We investigate the role of 12 shocks that drive the business cycles since the end of the 80s in the US and the Euro Area (EA). See the model description for more details.

Following Christiano, Motto and Rostagno (2014) the uncertainty associated to the financial sector plays a crucial role. The estimation and the quatitative analysis are provided by Dynare (Adjemian et al., 2011) and updated databases for the US and the Euro area are available online via DBnomics.

We show here the observed variables used in the estimation of the model.

We build the trajectory each variable would have followed if we feed the model with only one type of shock.

We show the historical decomposition of the observed variables used in the estimation (net of the average growth rate) over the sample period.

The bars represent the historical contribution of each of the shocks to the observed variables, that is the counterfactual values predicted by the model when all other shocks are set to zero.

For each observed variable in row, one column is the variance explained by the considered shock.

Numbers in each row may not add up to 100 as we ignore the correlation between the shocks when we add explained variances. Business cycle frequency is measured with HP filter (lambda = 1600).

We show the dynamic responses of variables in our model to a shock.

The table shows the prior and posterior distributions of estimated economic parameters and shocks.

The model introduces a financial accelerator mechanism and nominal rigidities in the context of a closed economy. The extensive presentation of the model can be found in Christiano, Motto and Rostagno (2014).

This description of the model defines preferences, technologies and market arrangements. It also allows to specify the 12 shocks that perturb the economy.

Households

There is a continuum of households in the economy who have access to capital markets.

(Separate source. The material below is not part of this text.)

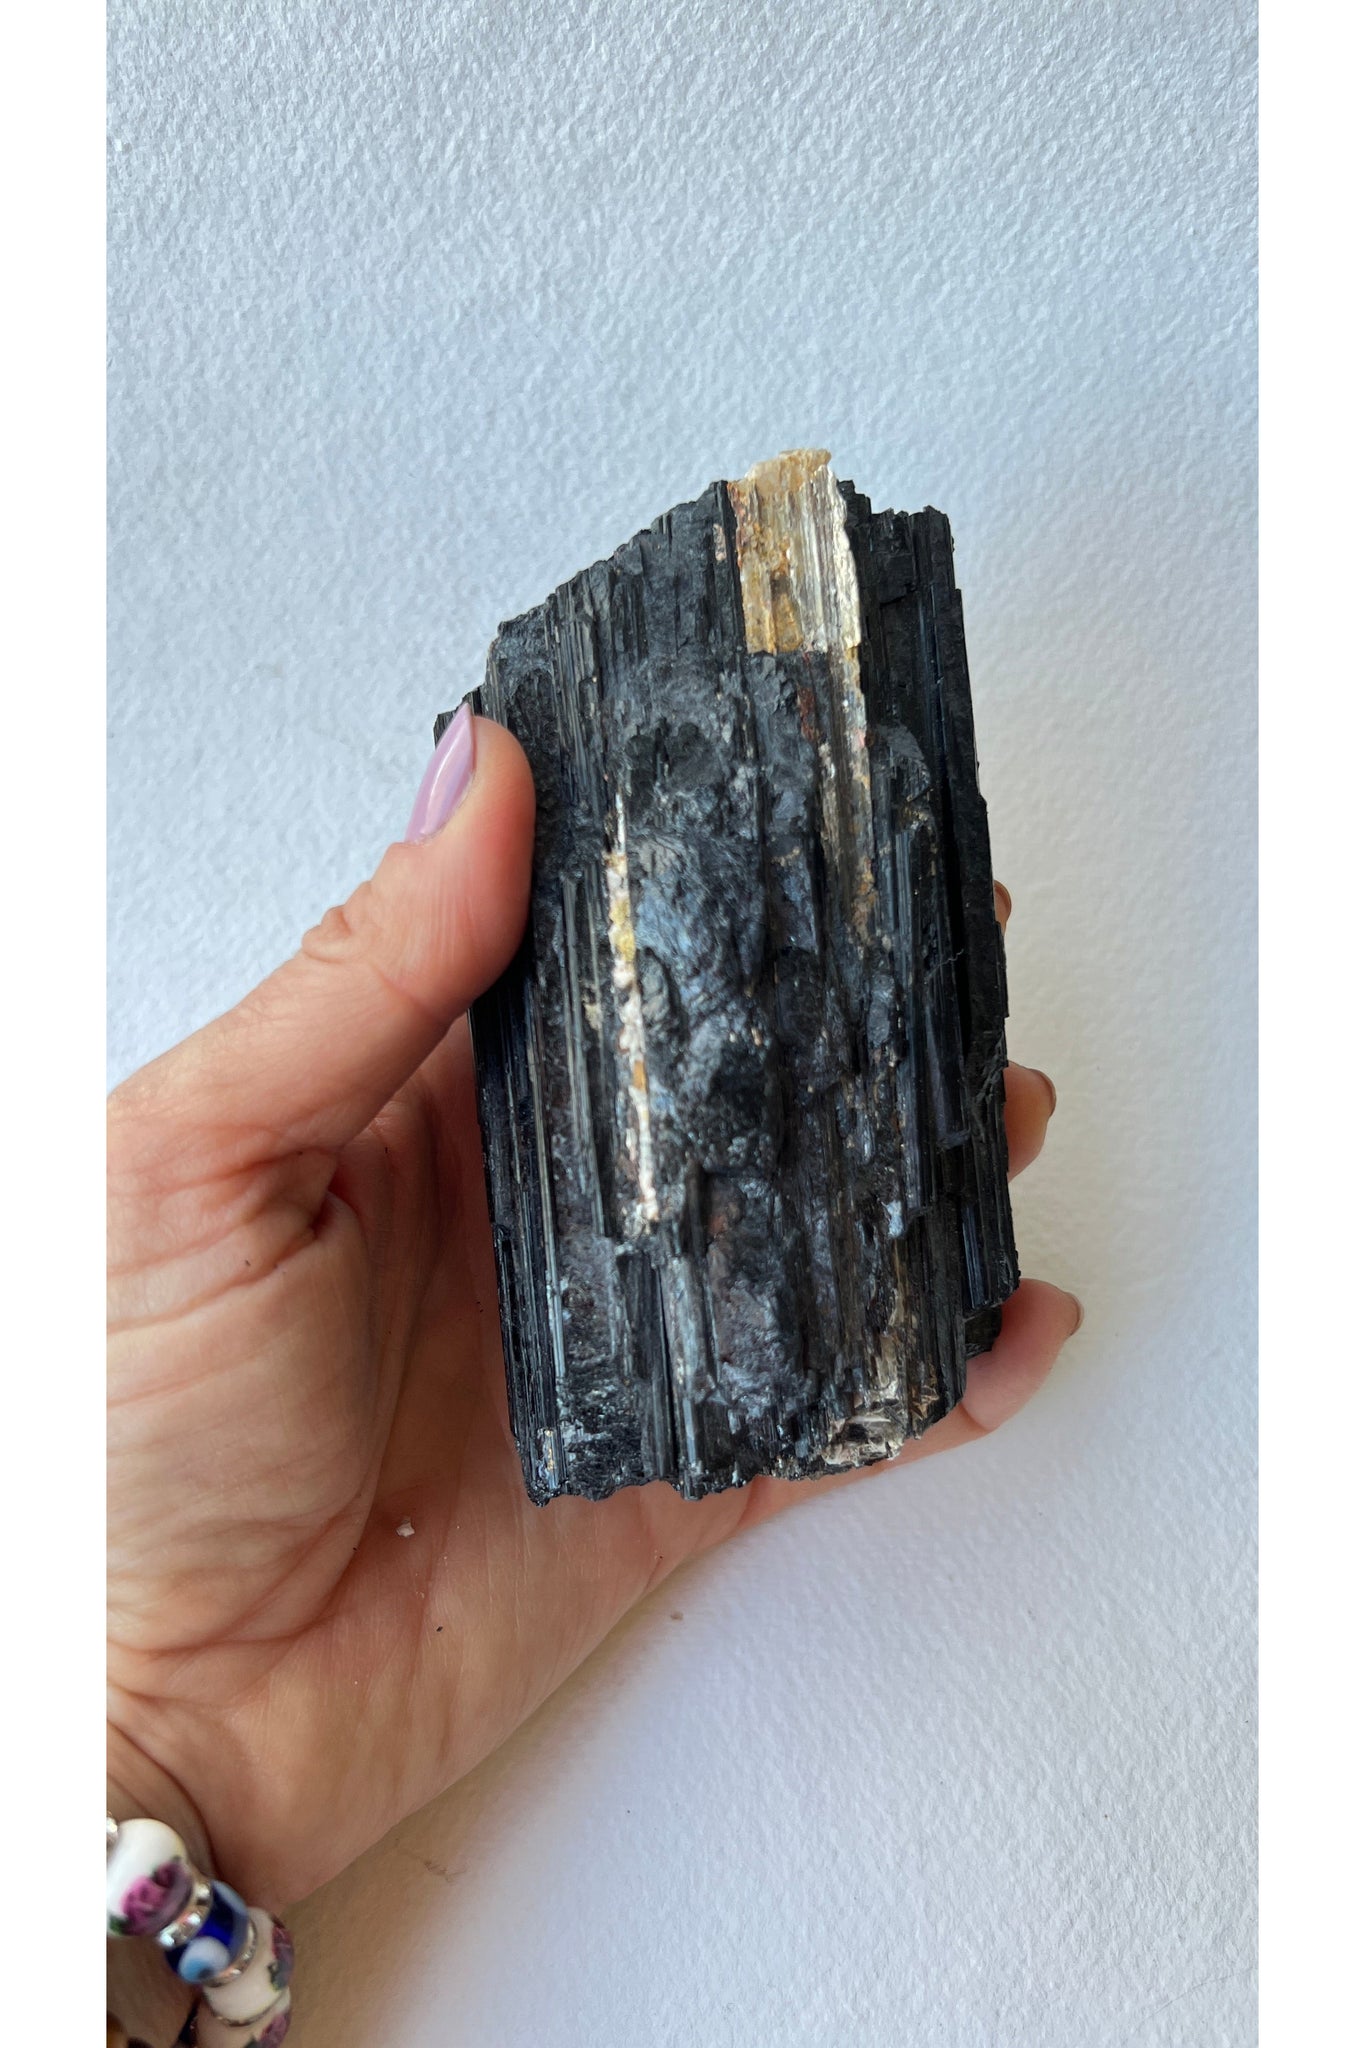 Black Tourmaline with Lithium | Unique Specimen Majestic Hudson Lifestyle Experiences Crystals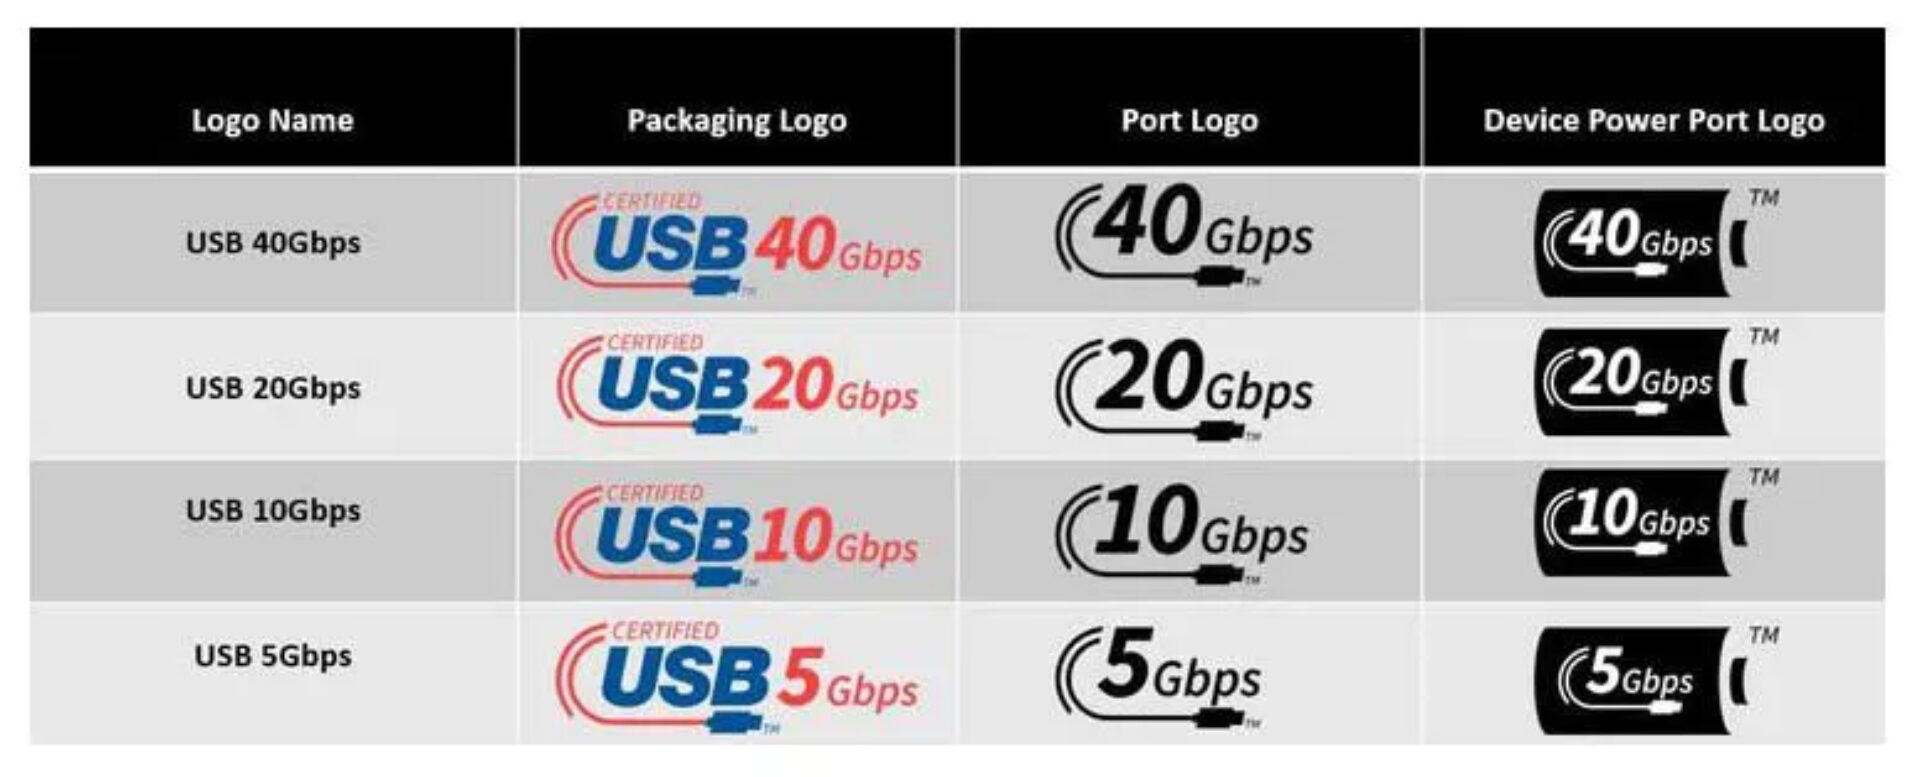 USB Performance Logos

  • They maximize their lifetime utility. Household preferences are separable in consumption and leisure, and it exists external habit formation on consumption.
  • The households hold two types of bonds (one-period bonds, and long-term bonds, 10 years) and perceived labor incomes.
  • There is a shock on the impatience of the households

Firms

Producers of the Final and the Intermediate Goods

  • Producers of the Final Goods
    • Representative and competitive final goods producers (price takers)
    • They combine intermediate goods
  • Producers of the Intermediate Goods
    • Monopolistic firms (price makers)
    • They produce with capital and labor
    • Only a fraction of these producers can adjust their prices (nominal rigidities)
    • There exist three types of transitory shocks
      • shock on markup
      • shock on the combination of labor-capital efficiency
      • shock on the investment price
    • There exists one permanent shock: the technological progress

Capital Producers and Entrepreneurs

  • capital producers

    • The representative producer of physical capital constructs end-of-period raw private physical capital
    • There is a shock on the efficiency to produce new investment goods
  • Entrepreneurs

    • Capital producers sell raw private physical capital to entrepreneurs who transform it into effective capital. This transformation rate is entrepreneur-specific.
    • To buy raw capital, entrepreneurs use their personal wealth and a loan obtained from a financial intermediary.
    • This business is risky
      • the raw capital is transformed into effective capital via a risky process
      • if the realized value of this transformation business is to low, the entrepreneur defaults because it cannot reimburse the loan.
    • Redistribution of assets
      • the net wealth of the entrepreneurs increases with the successful businesses
      • at each period, a fraction of this wealth is transferred to the households. This fractions is time-varying and is called the “equity shock”.

Financial Contract

  • The loan contract is characterized by agency problems subject to financial shocks
    • The agency problem is associated with the asymmetric information between the entrepreneur and the financial intermediary that makes costly checking the state of defaulting entrepreneur
    • The transformation rate of capital is observed by the entrepreneur after its purchases of raw capital.
  • Financial intermediary and risk shock
    • With the probability of no-default, the financial intermediary receives interest on its loan.
    • Otherwise, the financial intermediary gets a fix share of the assets of the bankrupt entrepreneur (the collateral), the complement of this share is used to pay the verification costs.
  • The “risk shock”
    • At each time, the standard deviation of the entrepreneur-specific shock is time-varying
    • An increase of the measure of the risk, which makes higher the cross-sectional dispersion between firm projects, induces larger financial frictions and thus higher spread

Monetary and Fiscal Policies

Central bank

  • The central bank sets the nominal interest rate according to a “Taylor rule”: the nominal interest rate increases with the inflation and the output-gap.
    • The objective of the central bank with respect to the inflation can change: the inflation target shock
    • There is a shock on this rule, the monetary shock
  • It could exist a gap between the long-term interest rate and the one implied by the model: the term structure shock

Government

  • The Government expenditures follow an exogenous process.